You don’t want a cheap website. Trust me.
Driving out of my local grocery store, I saw a promotional sign: Websites starting at $99. Please, please don’t. Why not?
A ‘cheap’ website is a waste of money.
1) It won’t be 100 bucks. 2) Your website is your face to the world, your first and often ONLY impression. 3) If you’ve only got $100 to spend on your web presence, you’ve got much bigger problems.
You might get some glassy web 2.0 eyesore, with few customization options, no cross-platform compatibility for Chrome or Safari, and forget about mobile. Or some factory thing used for every other company out there.

Whomever you call might try to sell you some overpriced monthly fee to ‘host and maintain’ your totally static site, try to sell you “1st page of Google!” when in fact, they don’t know jack all about real SEO.
Someone else could end up holding the keys, so every time you want to make even the slightest change, that’s another charge.
What you WON’T get: Content. Strategy. Design with the brand and image in mind. Research and understanding of your web users – how they view the web, use your site.
Inexpensive or affordable does not mean ‘cheap’
We live in a ‘you get what you pay for’ world but there are bargains. I am often asked: “how to create a ‘basic website’ for a small business?”
Which is code speak for “how to do a quick, easy, inexpensive but totally fabulous-looking website on their own because they’re too cheap to pay a pro” after fighting the “a Facebook page is NOT a damn website” battle royale. Ahem.
My answer for a DIY or small business webmaster looking for a powerful WYSIWYG web creation tool and not spending a lot of money: WordPress.
More than blogging.
WordPress allows you to create websites that are sharp, professional while keeping the content fresh; outdated websites can cost you.
- Cost. *Free* fits into most budgets I’d suspect. WP starts at free, goes up: you pay to host your own unique domain, for a general purpose theme. (If you need a truly custom theme, that’s where the money starts.) Then there’s the considerable value of your time.
- Themes. These are the ‘looks’ of a WP website, the navigation and style. There are nice free WP themes for business, others are relatively inexpensive and can be modified with little coding or programming knowledge required. Think about the kind of site you want when choosing a WordPress theme.
- Pages. In addition to blog posts, WP creates the pages, the core of any site such as “About Us”, as well as photo galleries and contact forms.
- Plugins. Some costs here to buy or donate, usually well-worth the money for the functionality. SEO plugin tools, social sharing options like Sexy Bookmarks and CommentLuv (if you blog), spam blockers, widgets that allow your sidebar to show anything from your latest tweet to the thoughts of your cat.
- Community. The WordPress community is great; lots of forums and guides online. Almost anytime I’ve had a problem, I’ve been able to Google my way to the solution.
- Guidance. There are professionals out there, affordable consultants who can provide various levels of help creating and maintaining a kick ass WP site.
The more I tinker with WordPress, the more I see its power and usability. Whenever the hell I get around to my Extreme Website Makeover: Non-Lame Edition, I’ll be shifting to WordPress. It’ll be affordable.. but not cheap.
Thoughts on WordPress as a non-programmer? Besides ’have lots of margaritas on standby,’ what’s your advice to a small business owner who wants to DIY their own website?

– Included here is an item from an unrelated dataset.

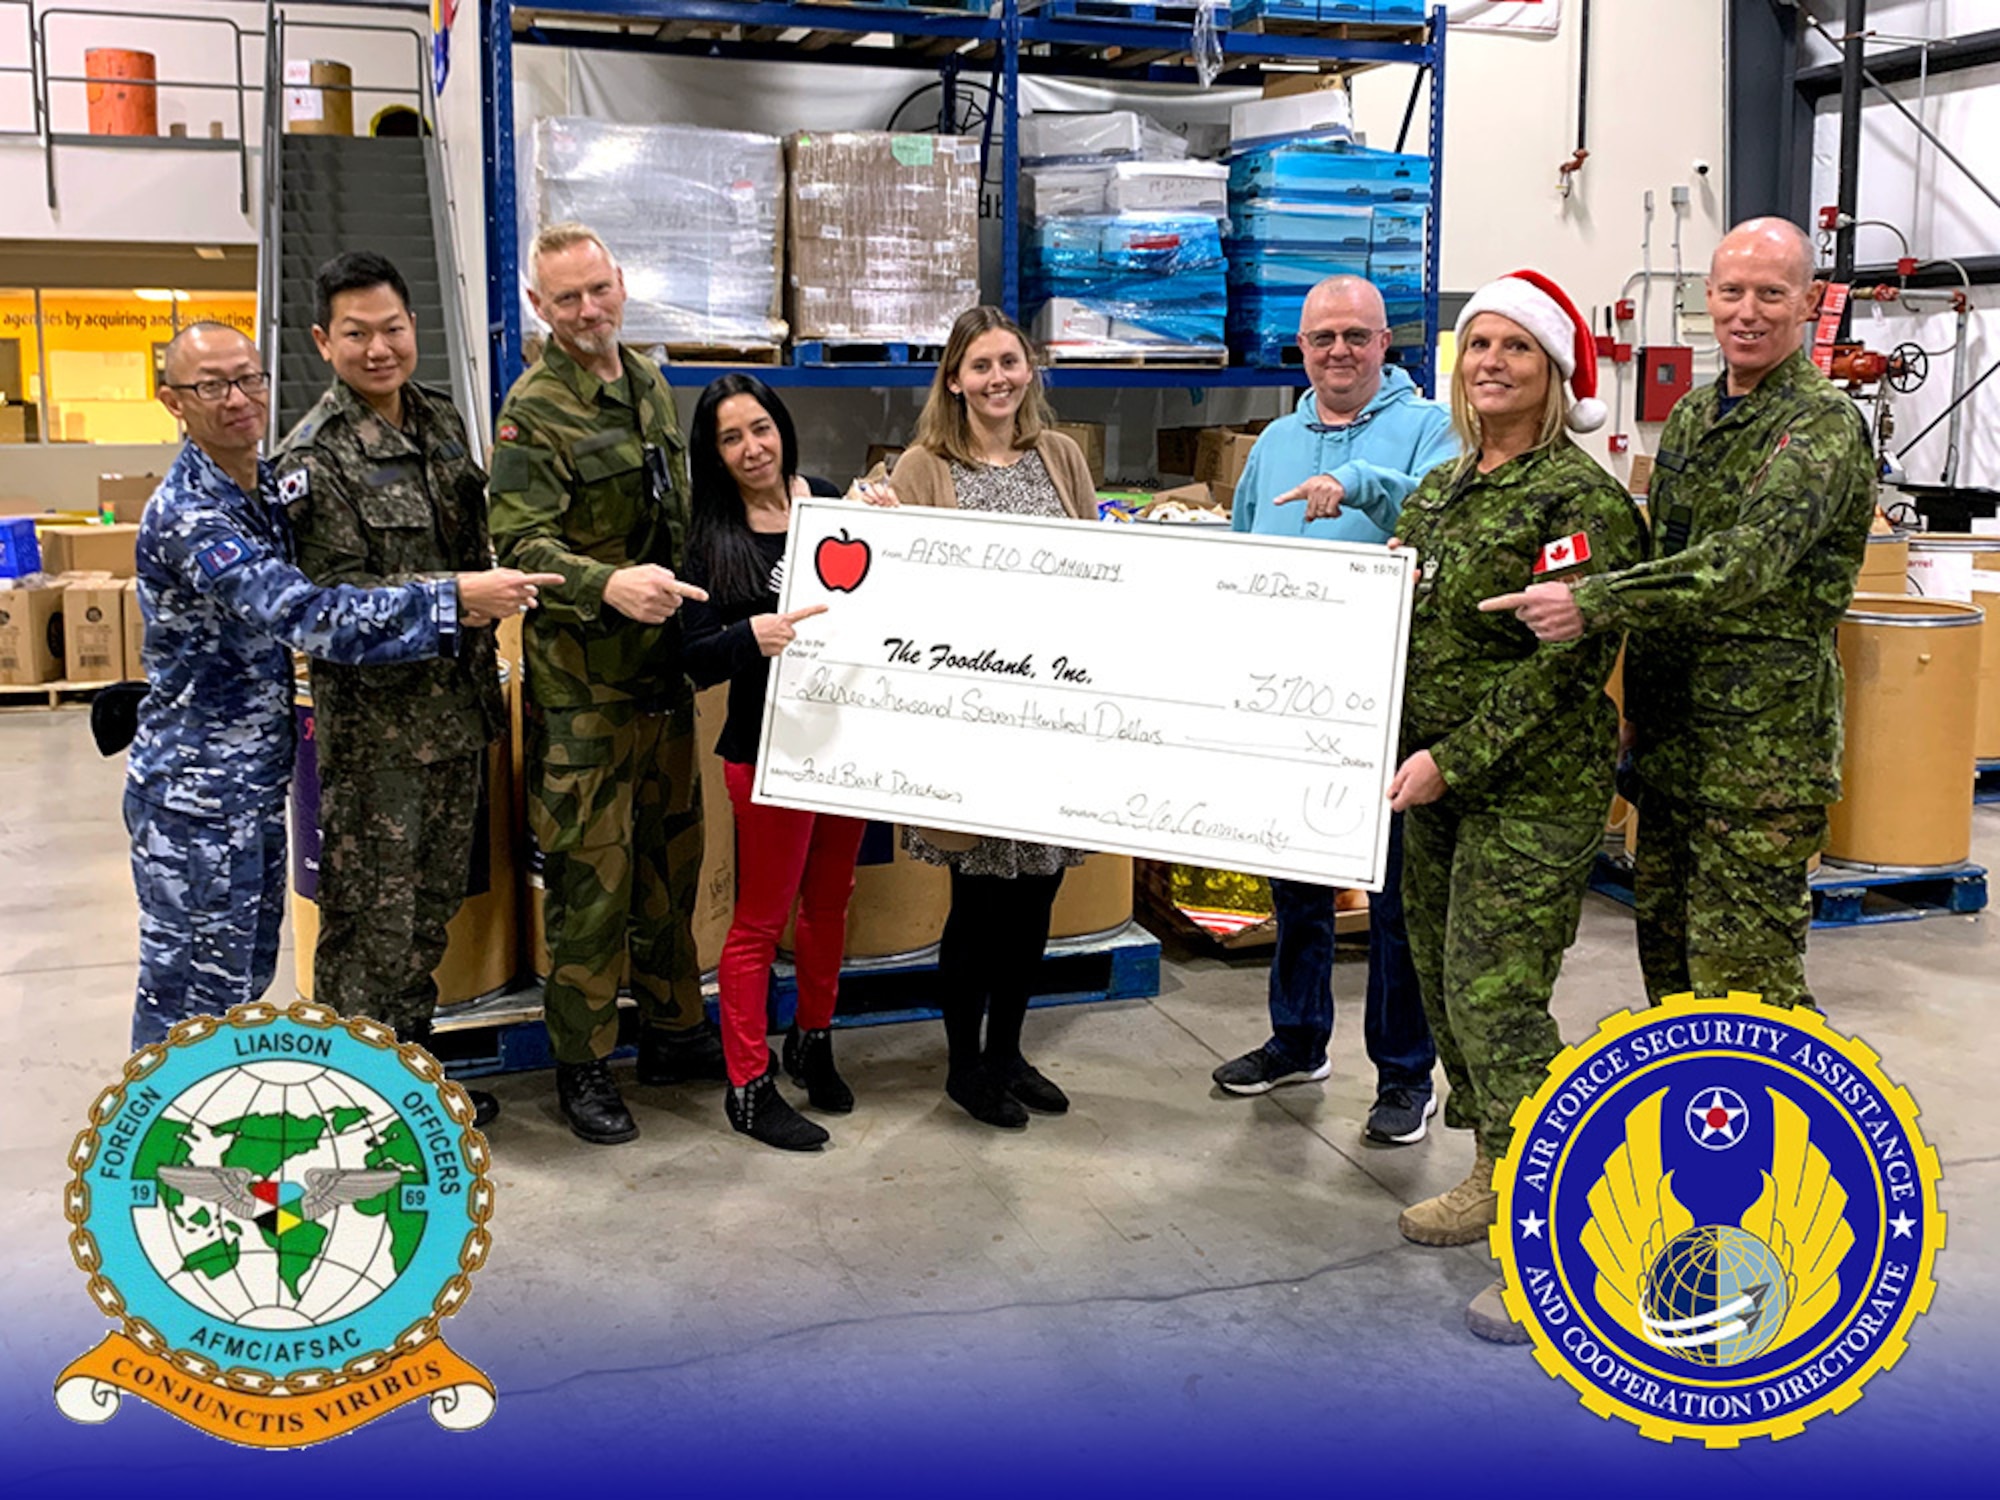 AFSAC representatives and international partners from Australia, Canada, Norway, and South Korea were able to be present for a donation to the Dayton Foodbank. Not in picture is more than 15 other countries’ FLOs who participated in the community service initiative (Graphic: Jonathan Tharp).

Marketing 101: The Essentials
You have the business plan, the cool product or killer service. You’ve figured out your business model, your three core strengths. And you’ve got a phone (goes-without-typing essential) you’d love to be ringing off the hook with folks wanting to give you large piles of cashy money.
Next step: tackle that Marketing P known as Promotion. Or not.
I did an ad layout for an Atlanta small biz, and what hit me were the missing pieces I had to find for a basic print ad. Customers may not notice or comment when you have it, but they will notice if you don’t.
Things you can’t NOT have to market your business
Identity. It all starts here. A basic logo, some stylized treatment of the name that wasn’t created in PowerPoint with 10-year-old clip art.
It’s how you “brand” so do it.. just not comic sans. (Designers joke.) That investment shows you mean business, on your “still gotta have them” business cards, print materials, free coffee mugs and this newfangled thingy called the Internet.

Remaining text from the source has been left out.